Part 1

The Promise of Adult Stem Cells

J. C. Willke, M.D.

Adult stem cells have actually been used since 1968, when the first bone marrow transplants were done to help cure leukemia. At the time, those doing these transfusions had not isolated the active cells. It took two more decades before a scientist in Wisconsin isolated the active cells from bone marrow and called them adult stem cells. Since that time, there has been an amazing cascade of continuing new developments in this field.[1]

There are three types of stem cells: embryonic, adult, and those obtained from umbilical cord, placenta, and Wharton’s jelly, which surrounds the three umbilical cord blood vessels connecting the fetus to the mother.[2] Stem cells are the basic primitive beginnings of all the different cell types in the organs of our body. This ability to develop into different cell types is characterized as omnipotent and pleuripotent.

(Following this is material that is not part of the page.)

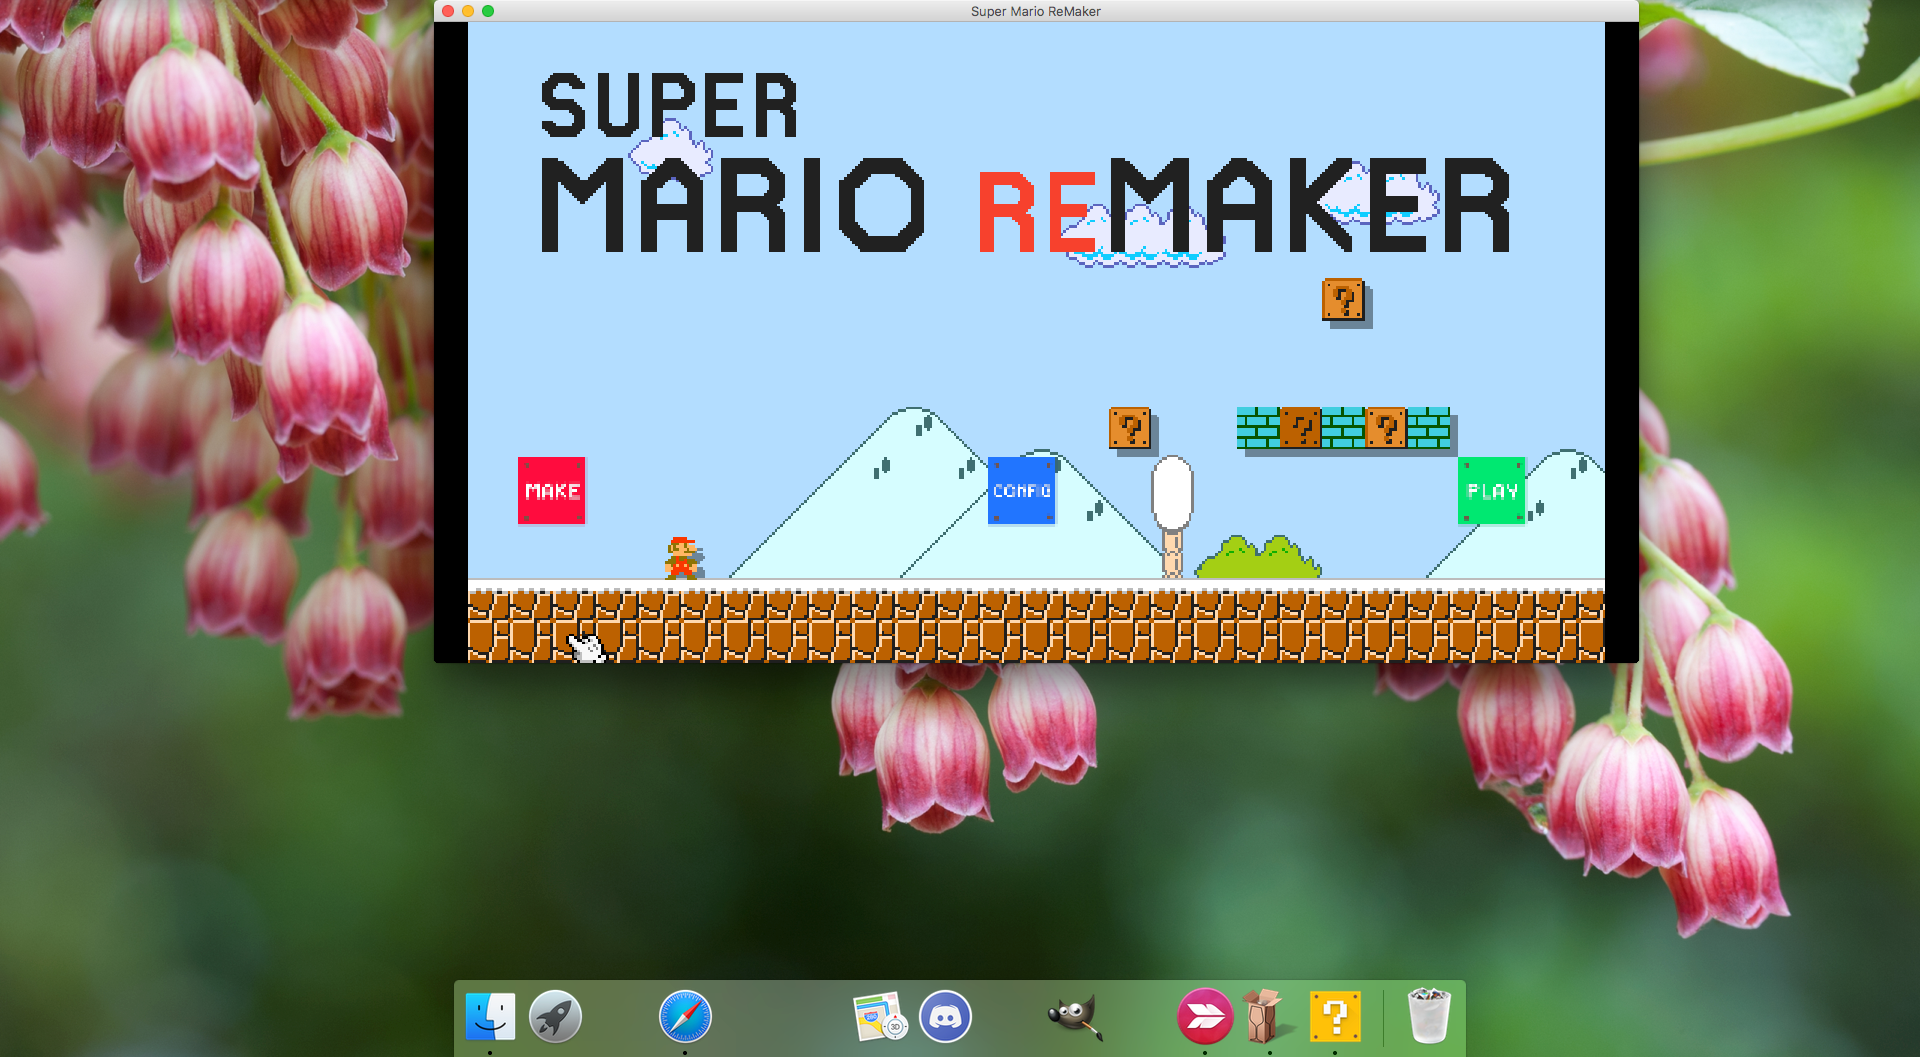 Running Super Mario Remaker on Mac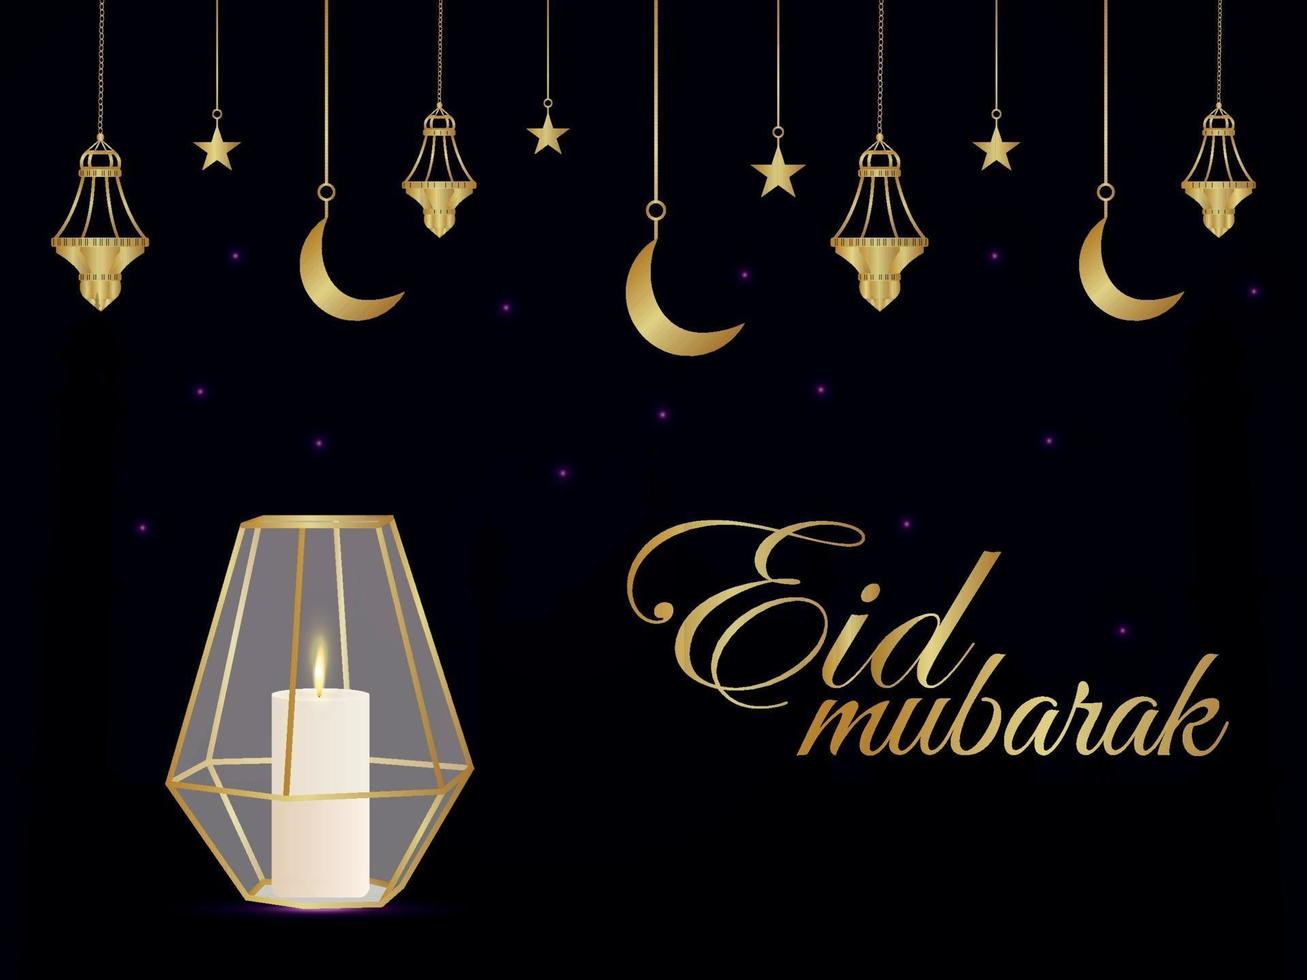 carte de voeux de célébration eid mubarak avec lanterne en cristal de vecteur or

Before we get into their function and uses, we must first review the known physiological facts. It is a simple scientific fact that each of you reading these words once was a single cell, a fertilized egg, a zygote, and that all you have done since that time is to grow up. As a single cell, you were already human (not a rabbit). You were already sexed (X and Y chromosomes), you were already alive (not dead—you were growing), and you were complete, for nothing has been added to the single cell each of you once were but nutrition and oxygen. Therefore, from a biological, scientific standpoint, it is impossible to draw a line in time from that first cell until the old man dies and say that before this “it,” the entity was not human life, but after “it” he was. Even so, in the face of this obvious fact, many people do disagree and decry the “five-day-old ball of a hundred cells,” stating that these do not look human. But of course, this is exactly what a five-day-old human, which you once were, looks like.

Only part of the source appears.